Krissa Welshans and Sarah Muirhead 1, Editors

December 1, 2016

4 Min Read
West Coast ports need 'predictability, reliability'

AT the U.S. Meat Export Federation's (USMEF) recent Strategic Planning Conference, James McKenna, president and chief executive officer of the Pacific Maritime Assn. (PMA), addressed key issues affecting the movement of meat exports through West Coast ports, including the increasingly scrutinized process of labor contract negotiations.

McKenna had just completed the first round of talks with representatives of the International Longshore & Warehouse Union (ILWU) on a possible extension of their port labor contract, which currently runs through July 1, 2019.

After the first meeting, McKenna said he "was encouraged by it. It was professional; it was positive. This is all an evolution from the last three contracts. Where do we go from here? Well, we have other meetings scheduled."

However, McKenna made one thing clear: It will not be a long, drawn-out process as it is just an extension and not a contract renegotiation. "I'm cautiously optimistic that we'll get there, but again, only time will tell," he added.

The U.S. meat industry's interest in PMA-ILWU relations has heightened as a result of the shipping disruptions and severe port congestion that occurred when their contract negotiations stalled in late 2014 and early 2015.

McKenna said there were no major issues on the table in 2014 — just "a lot of little, tiny issues that nobody could get over."

He said there was new blood, so it was very splintered. "Nothing got done. We started dealing with little, tiny port issues that had nothing to do with the coast contract, and it just kind of spun out of control," he explained.

The real breaking point was when the groups finally allowed a federal mediator to come in after seven months. McKenna said the mediator expected that he would be done in a couple of weeks, but it took him four months.

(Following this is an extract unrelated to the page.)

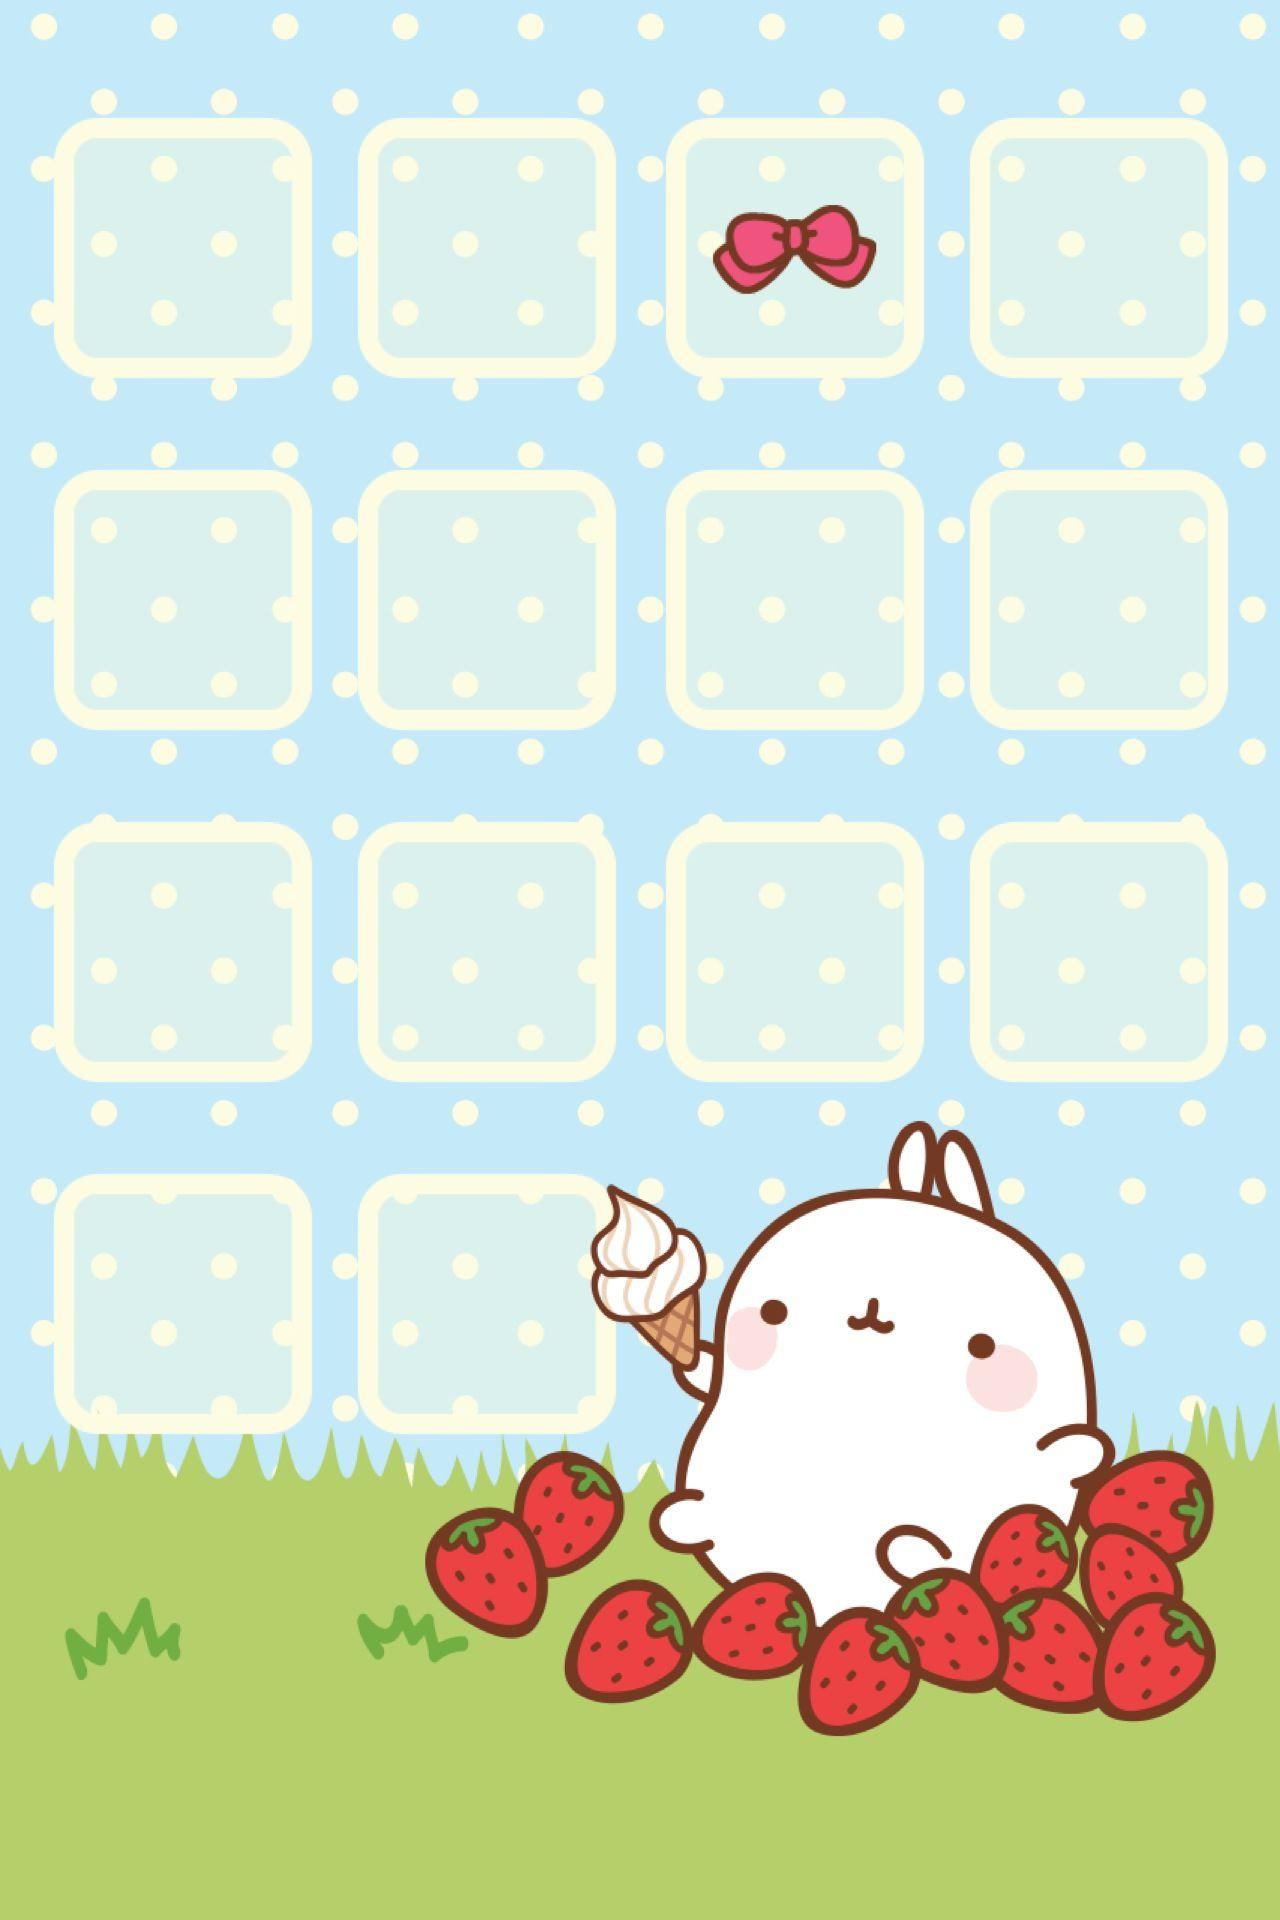 Must see Wallpaper Home Screen Cute - 4317b2278c6c1292bf633a68633cf0cb  Pic_11943.jpg

The issue that ended up being the cornerstone of the negotiations was about the arbitration process, which McKenna said was very archaic. There were two union arbitrators and two employer arbitrators in each section of the West Coast, and each favored their own party. However, the caveat to it all was that getting rid of an arbitrator required an agreement from both parties, McKenna said, adding, "The system was not objective at all." Now, there is one employer arbitrator, one union arbitrator and one neutral arbitrator.

Negotiations were long and painful, but they were concluded, McKenna said. "We got there by exacting a heavy price on the shipping industry, the economy and the industry," he noted.

Even after the new labor contract agreement was reached, clearing the shipping backlog and returning port traffic to normal levels took several months. McKenna noted that many industries felt similar pain during the disruption, and it led to much greater scrutiny of the negotiating process by members of Congress and other government officials.

Since the contract was ratified, McKenna said there has been a flurry of activity in Washington, D.C., calling for maritime legislation that attempts to mitigate or stave off future disruptions. Sponsors of the legislation believe that the current negotiating process is not responsible.

McKenna said he agrees. "It's clear to me that the challenges that both management and the union face is the need for predictability and reliability, and to that end, it is incumbent upon us to find a better path forward," he said.

Nearly 130 agricultural, trade and transportation organizations have also been pressuring ILWU and PMA to begin early negotiations on a new labor contract in hopes of avoiding the trade disruptions that occurred during the last negotiations.

U.S. exporters of agricultural products lost approximately $1.75 billion each month during the disruption. The North American Meat Institute and the National Pork Producers Council estimated that the West Coast delays cost each industry $40 million per week.

McKenna said since the end of the negotiations in 2015, he hears from the U.S. labor secretary and other parties about every 60 days. "People are engaged now in a way that they never were before, and we brought it on ourselves. There is a lot more interest, a lot more involvement, and I think it's only going to become greater," he said.

However, McKenna said he can guarantee that if negotiations are ever drawn out again like in 2014-15, the issue will become "front and center" a lot sooner than nine months.

As for the involvement of groups and government officials, McKenna said while everyone is engaged, "I just don't really think they know what to do with being engaged." He said he thinks the avenue to a result needs to be clearer.

"Right now, there is a lot of activity, but there's no real path forward," he said. "I think the fact that we're sitting down with the union even discussing a contract extension is unbelievable; (it has) never happened before."

McKenna added that there is so much at stake with this negotiation that "the level of interest — the level of pressure — has raised on both parties, as it should." That pressure needs to stay there, he stated.